Oh Mississippi – you assbackward bumbled bunch of statehood, you … how you do amuse me.
PROfoUnDLY plodding through life last among all states when it comes to health care and tirelessly trolling the bottom waters of public education — that ‘We’re Number ONE!’ flag you fly as the fattest in our federation now has company!
A new study from the fine folks over at the Pew Research Center says you, Mississippi, are also Numero Uno among the God Squad of American states.
That’s right, homegirl — you’re tops in two!
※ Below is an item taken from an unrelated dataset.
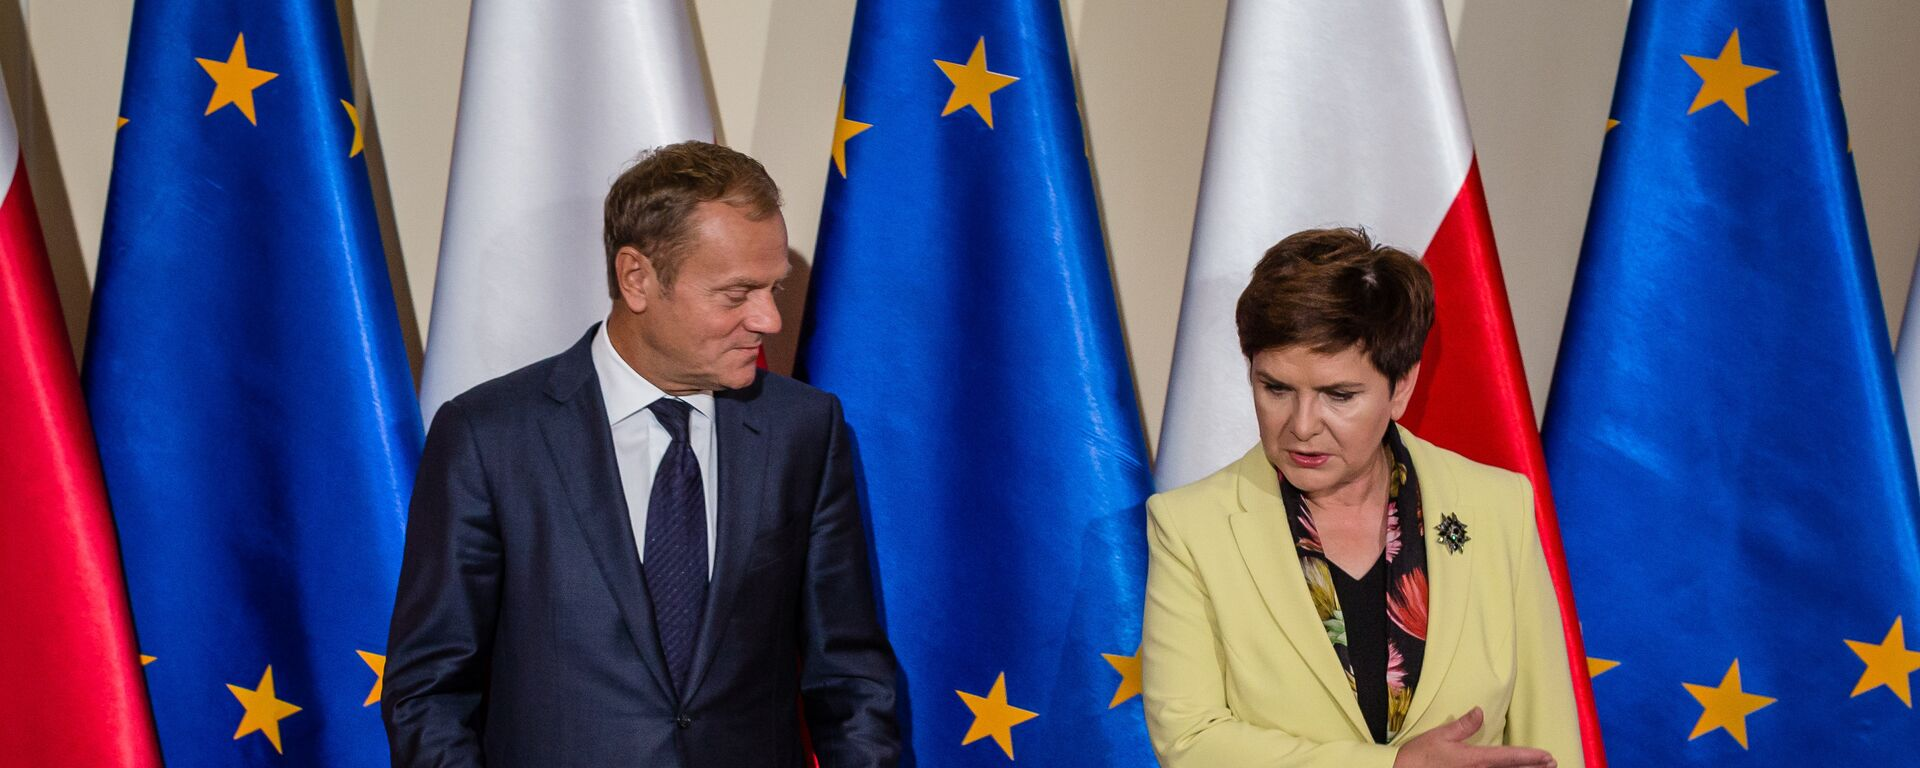 Przewodniczący Rady Europejskiej Donald Tusk i premier RP Beata Szydło - Sputnik Polska, 1920, 03.07.2021

Whoddathunkit?!
Pew’s Forum on Religion & Public Life used polling data in four categories to rank states for the survey: the importance of religion in people’s lives; frequency of attendance at worship services; frequency of prayer; and absolute certainty of belief in God.
Mississippi — sanctimonious little slut that you are — stood out on all four measures.
Eighty-two percent of the ‘Sippians said religion is very important in their lives.
::: yeah, but so are hamhocks and backfat … :::
Sixty percent said they attend religious services at least once a week.
::: well, I ‘spect it’s easier than math homework … :::
And a whopping, supreme among all states ninety-one percent of Magnolia Staters said they believe in God with absolute certainty … which no one can dispute is a fucking goddamn miracle considering how amazingly alarmingly little else they know with absolute certainty.
Oh yeah — ya ain’t done shit in this life, girl, but theyz rewahhdz a’comin’ in the afterlife!